Una foto de una plaza, donde un conjunto de hamacas se encuentran encorsetadas con una faja a su alrededor, del tipo prohibido pasar, causó una cierta conmoción y estupor en los espectadores del encierro a través de las redes sociales. Quizás al momento en que esto se lea puede que la foto se haya transformado en una fake o se haya demostrado su exageración o insensatez, pero para el caso da lo mismo. Una plaza con hamacas limitadas no es definitivamente una plaza y lo que a simple vista pareciera un acto de privatización se muestra en verdad de un modo mucho más complejo: la plaza continúa siendo pública en su espacialidad pero no en su uso. El efecto, de este modo, se recrudece. Hay algo de los afectos y sentimientos que se ve acorralado, reprimido y opacado por ese monstruo frío que es el estado dando sus órdenes de confinamiento. ¿Volverán las plazas, esas plazas tan paradigmáticas que tenemos en Argentina, volverán para poblarse?

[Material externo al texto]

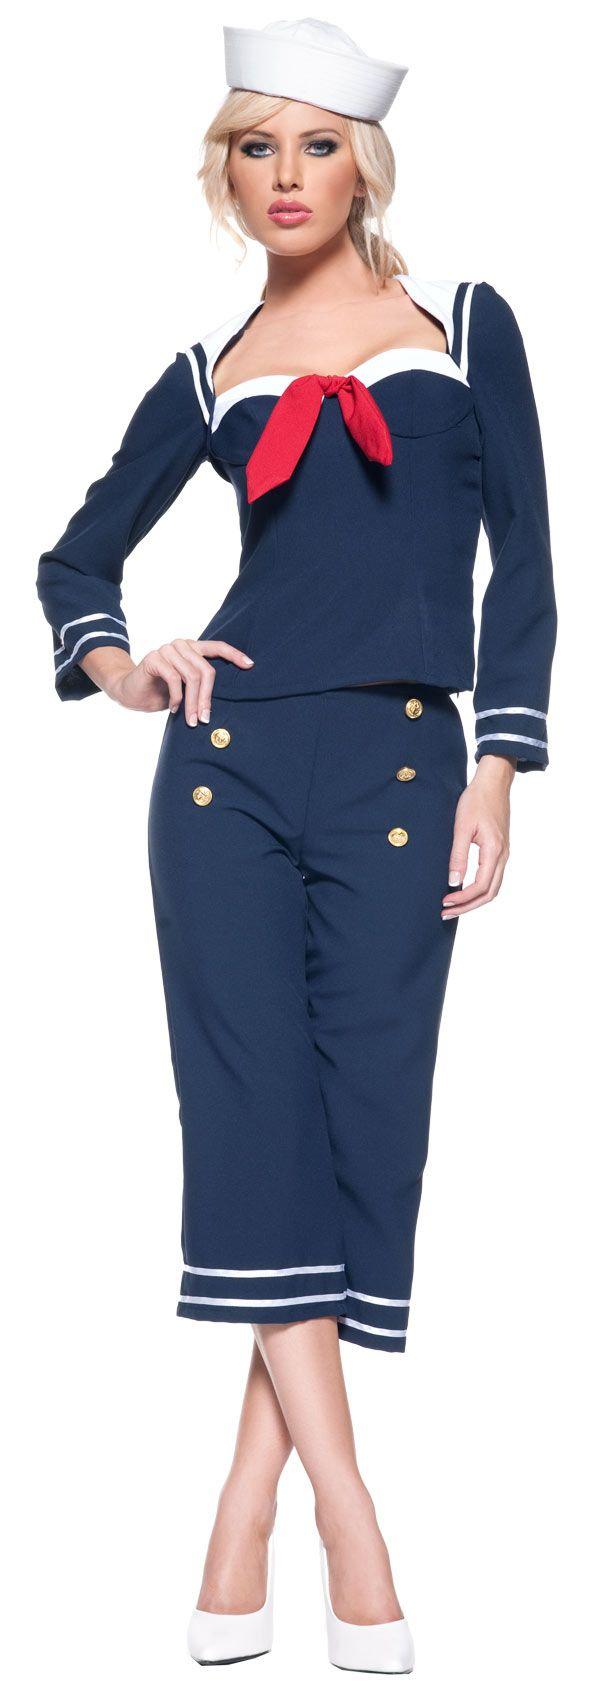 sailor+costume | Ship Mate Sailor Costume - Sailor Costumes

De las definiciones de la propiedad me quedo con la de Rousseau, por su simpleza y esa cosa literaria que tenía el iusnaturalismo: el primer hombre (hoy diríamos, o mujer) que cercó un pedazo de tierra, dijo esto es mío, y encontró gente lo verdaderamente estúpida como para creerle, fue el verdadero fundador de la sociedad. Caín lo llama la literatura bíblica, el primer agrimensor. Lo que más me relaja de la definición de Rousseau –que cito de memoria- es "y encontró gente lo bastante estúpida como para creerle". La propiedad, con sus leyes y sus normas, sus codificacione y alegatos, como una simple y estúpida creencia. Quiero dejar esa definición así suspendida y proseguir. No quiero profundizar más al respecto: suficientes vientos teóricos existen que hablaron sobre tan escabroso tema y no me interesa analizarlos, esta definición de Rousseau la asumo como perfecta.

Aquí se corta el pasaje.